Willetts Lian, Bond David, Stoletov Konstantin, Lewis John D
Department of Oncology, University of Alberta, 5-142C Katz Group Building, 114th St and 87th Ave, Edmonton, AB, Canada, T6G 2E1.
Methods Mol Biol. 2016;1458:27-37. doi: 10.1007/978-1-4939-3801-8_3.
Metastasis, or the spread of cancer cells from a primary tumor to distant sites, is the leading cause of cancer-associated death. Metastasis is a complex multi-step process comprised of invasion, intravasation, survival in circulation, extravasation, and formation of metastatic colonies. Currently, in vitro assays are limited in their ability to investigate these intricate processes and do not faithfully reflect metastasis as it occurs in vivo. Traditional in vivo models of metastasis are limited by their ability to visualize the seemingly sporadic behavior of where and when cancer cells spread (Reymond et al., Nat Rev Cancer 13:858-870, 2013). The avian embryo model of metastasis is a powerful platform to study many of the critical steps in the metastatic cascade including the migration, extravasation, and invasion of human cancer cells in vivo (Sung et al., Nat Commun 6:7164, 2015; Leong et al., Cell Rep 8, 1558-1570, 2014; Kain et al., Dev Dyn 243:216-28, 2014; Leong et al., Nat Protoc 5:1406-17, 2010; Zijlstra et al., Cancer Cell 13:221-234, 2008; Palmer et al., J Vis Exp 51:2815, 2011). The chicken chorioallantoic membrane (CAM) is a readily accessible and well-vascularized tissue that surrounds the developing embryo. When the chicken embryo is grown in a shell-less, ex ovo environment, the nearly transparent CAM provides an ideal environment for high-resolution fluorescent microcopy approaches. In this model, the embryonic chicken vasculature and labeled cancer cells can be visualized simultaneously to investigate specific steps in the metastatic cascade including extravasation. When combined with the proper image analysis tools, the ex ovo chicken embryo model offers a cost-effective and high-throughput platform for the quantitative analysis of tumor cell metastasis in a physiologically relevant in vivo setting. Here we discuss detailed procedures to quantify cancer cell extravasation in the shell-less chicken embryo model with advanced fluorescence microscopy techniques.

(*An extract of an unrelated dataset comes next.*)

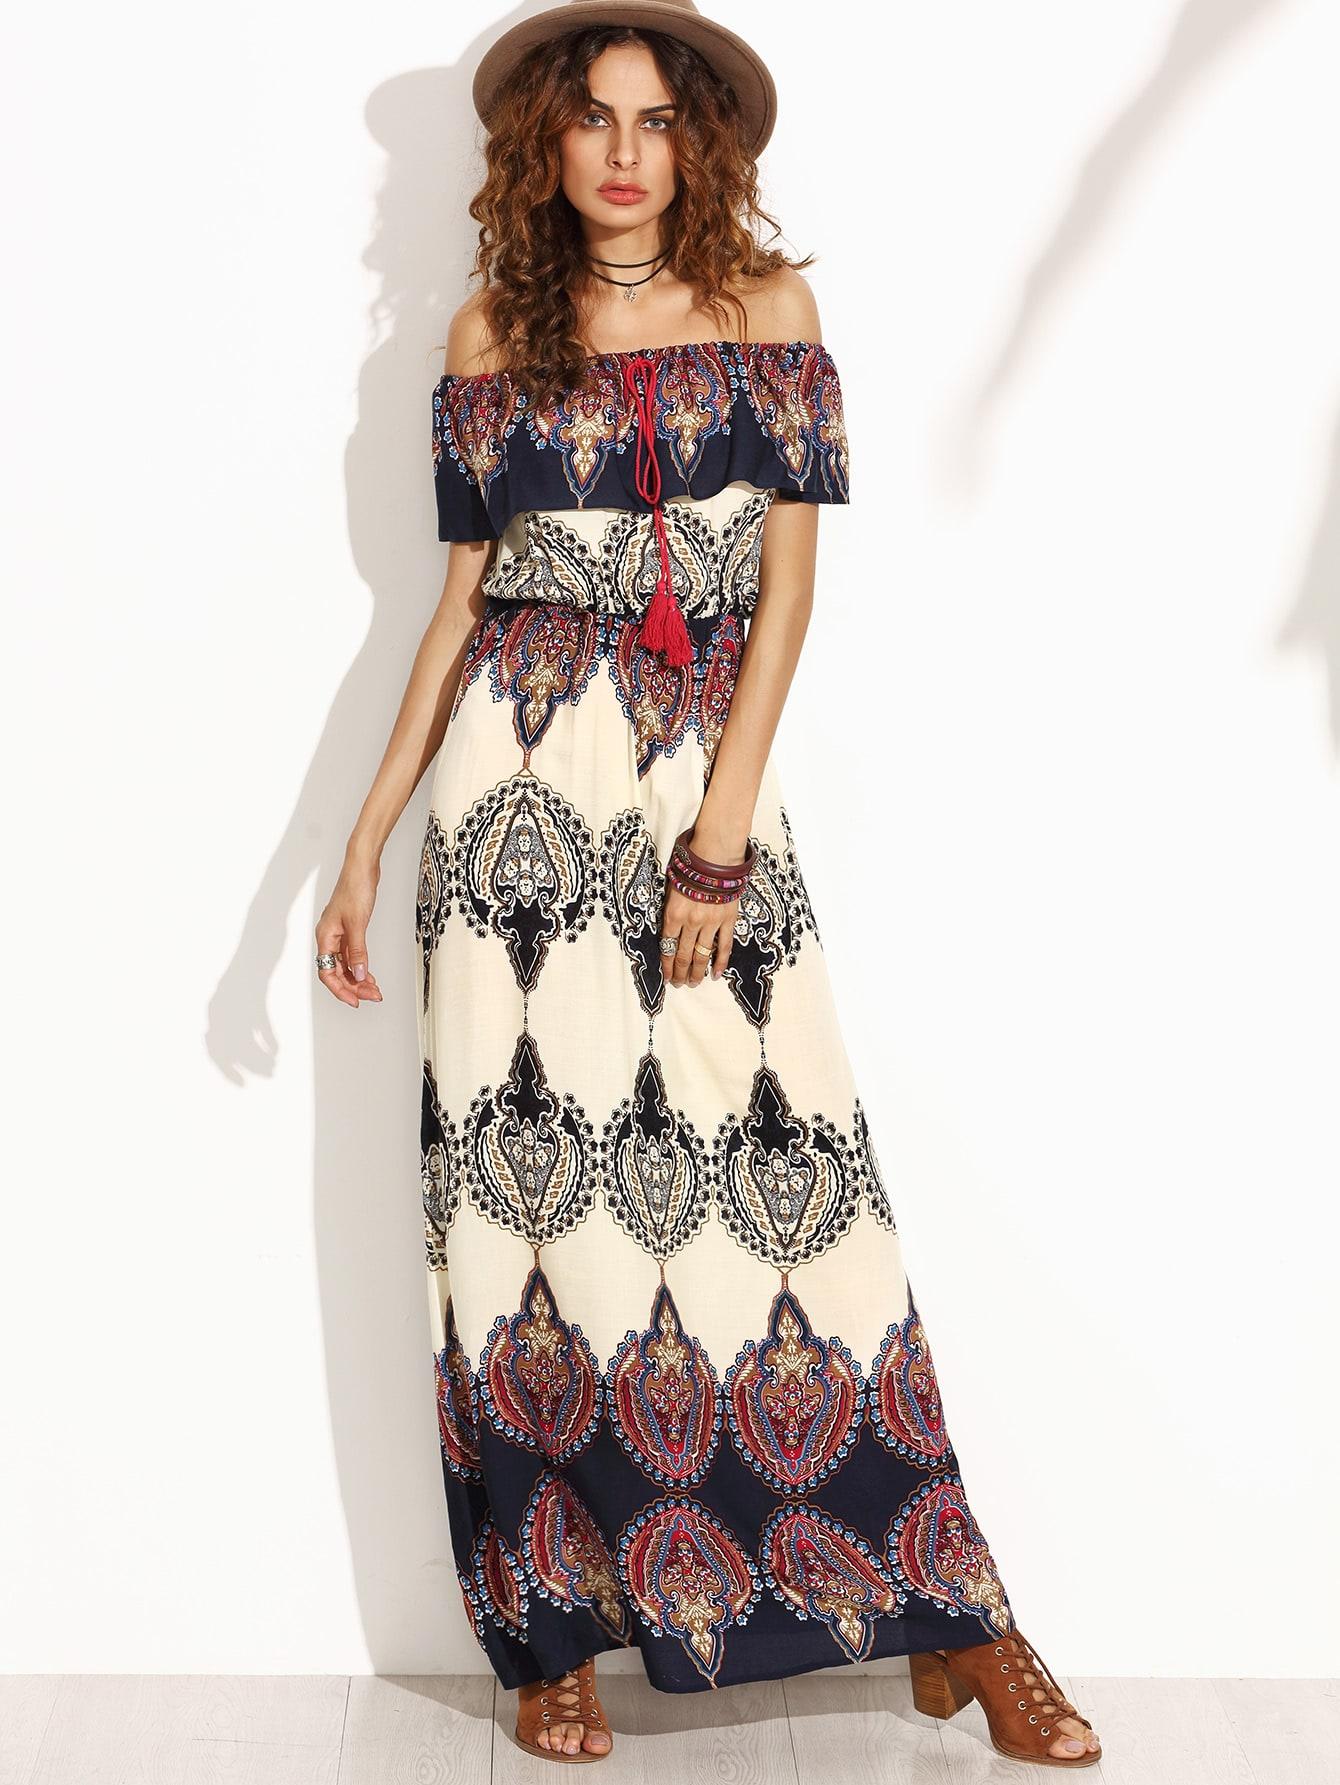 Bardot Print Self Tie Front Floor Length Dress

转移,即癌细胞从原发性肿瘤扩散至远处部位,是癌症相关死亡的主要原因。转移是一个复杂的多步骤过程,包括侵袭、血管内渗、循环存活、血管外渗以及转移瘤形成。目前,体外试验在研究这些复杂过程方面能力有限,无法如实地反映体内发生的转移情况。传统的体内转移模型在可视化癌细胞扩散的地点和时间这种看似随机的行为方面能力有限(雷蒙德等人,《自然评论:癌症》13:858 - 870,2013年)。禽类胚胎转移模型是一个强大的平台,可用于研究转移级联反应中的许多关键步骤,包括体内人类癌细胞的迁移、血管外渗和侵袭(宋等人,《自然通讯》6:7164,2015年;梁等人,《细胞报告》8,1558 - 1570,2014年;凯恩等人,《发育动力学》243:216 - 228,2014年;梁等人,《自然方法》5:1406 - 1417,2010年;齐尔斯特拉等人,《癌细胞》13:221 - 234,2008年;帕尔默等人,《可视实验杂志》51:2815,2011年)。鸡胚绒毛尿囊膜(CAM)是一种易于获取且血管丰富的组织,环绕着发育中的胚胎。当鸡胚在无壳的体外环境中生长时,近乎透明的CAM为高分辨率荧光显微镜方法提供了理想环境。在这个模型中,可以同时观察胚胎鸡的脉管系统和标记的癌细胞,以研究转移级联反应中的特定步骤,包括血管外渗。当与适当的图像分析工具结合使用时,体外鸡胚模型为在生理相关的体内环境中对肿瘤细胞转移进行定量分析提供了一个经济高效且高通量的平台。在此,我们讨论使用先进荧光显微镜技术在无壳鸡胚模型中量化癌细胞血管外渗的详细步骤。